Raise yellow-flowered bees for yellow-flowered bees. Yellow-flowered bees are medium-sized bees that frequent this plant in search of pollen and aromatic oils. Females use the oils to waterproof their nests, which are often found on the banks of ponds and rivers.

Lamb's ear is an easy-to-grow evergreen perennial that is a favorite of wool-carder wasps. Female wool-carder wasps use the soft, hairy leaf fibers to line their nests, and males defend territories that contain these plants.

Another easy way is to let your grass grow long and embrace the weeds.

Dandelions and related plants like honeysuckle and chickweed are favorites of pantaloon bees, so named because the long hairs on the female's hind legs, covered with pollen, look like clown trousers. Buttercups, in turn, attract large pincer bees and sleepy carpenter bees.

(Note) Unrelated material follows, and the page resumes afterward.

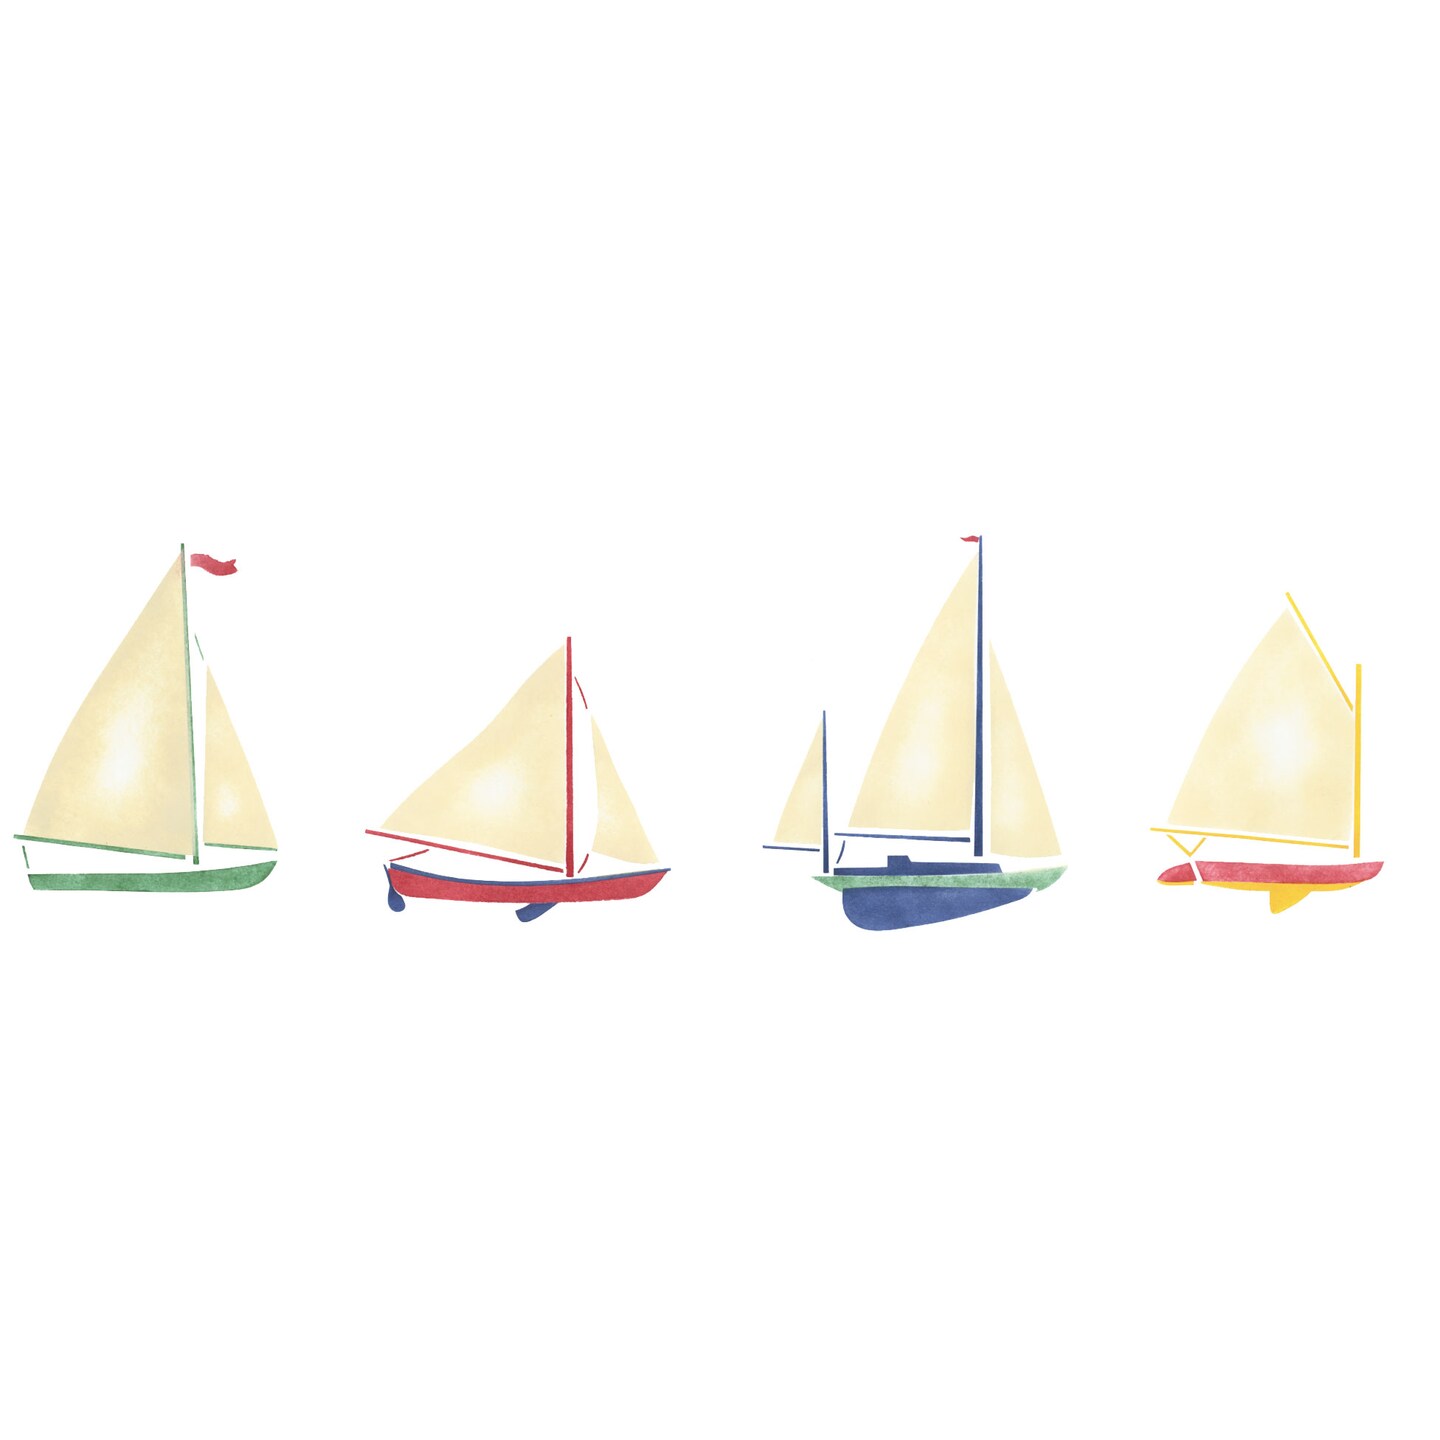 Sailboat Wall Stencil | Outdoor Stencils | Reusable Art Craft Stencils for Painting on Walls, Canvas, Wood | Reusable Plastic Paint Stencil for Home Makeover | Easy to Use &#x26; Clean Art Stencil | 1131 by Designer Stencils

5 Common Myths About Bees…Bullshit

1. Bees are too heavy to fly – This myth dates back to the 1934 publication of Antoine Magnin's “Book of Insects.” Magnin mistakenly believed that bees' wings were too small to generate the lift needed for flight. Obviously, he was wrong.

2. All bees sting – Male honeybees cannot sting; the stinger is a modified egg-laying organ that only females have. There are also about 550 species of stingless bees, but their stingers are too small to be used for defense.

3. If a bee stings, it will die. – Of all the bees that can sting, only the honeybee dies after stinging. The barbs on the bee's stinger get stuck in the victim's skin and when the bee tries to escape, its abdomen bursts, causing a fatal injury.

4. All bees make honey – Most bees don't make honey. In fact, there are only eight species of bees that produce large amounts of sweet nectar. There are hundreds of other species of bees that produce honey, but in much smaller amounts.

5. All bees are hard workers – As busy as honeybees are, aren't they? The queen bee lays up to 1,500 eggs a day. The worker bees forage, feed the larvae, and clean the hive. But the drones don't have as much work to do in a day. Their only role is to mate with the virgin queen bee.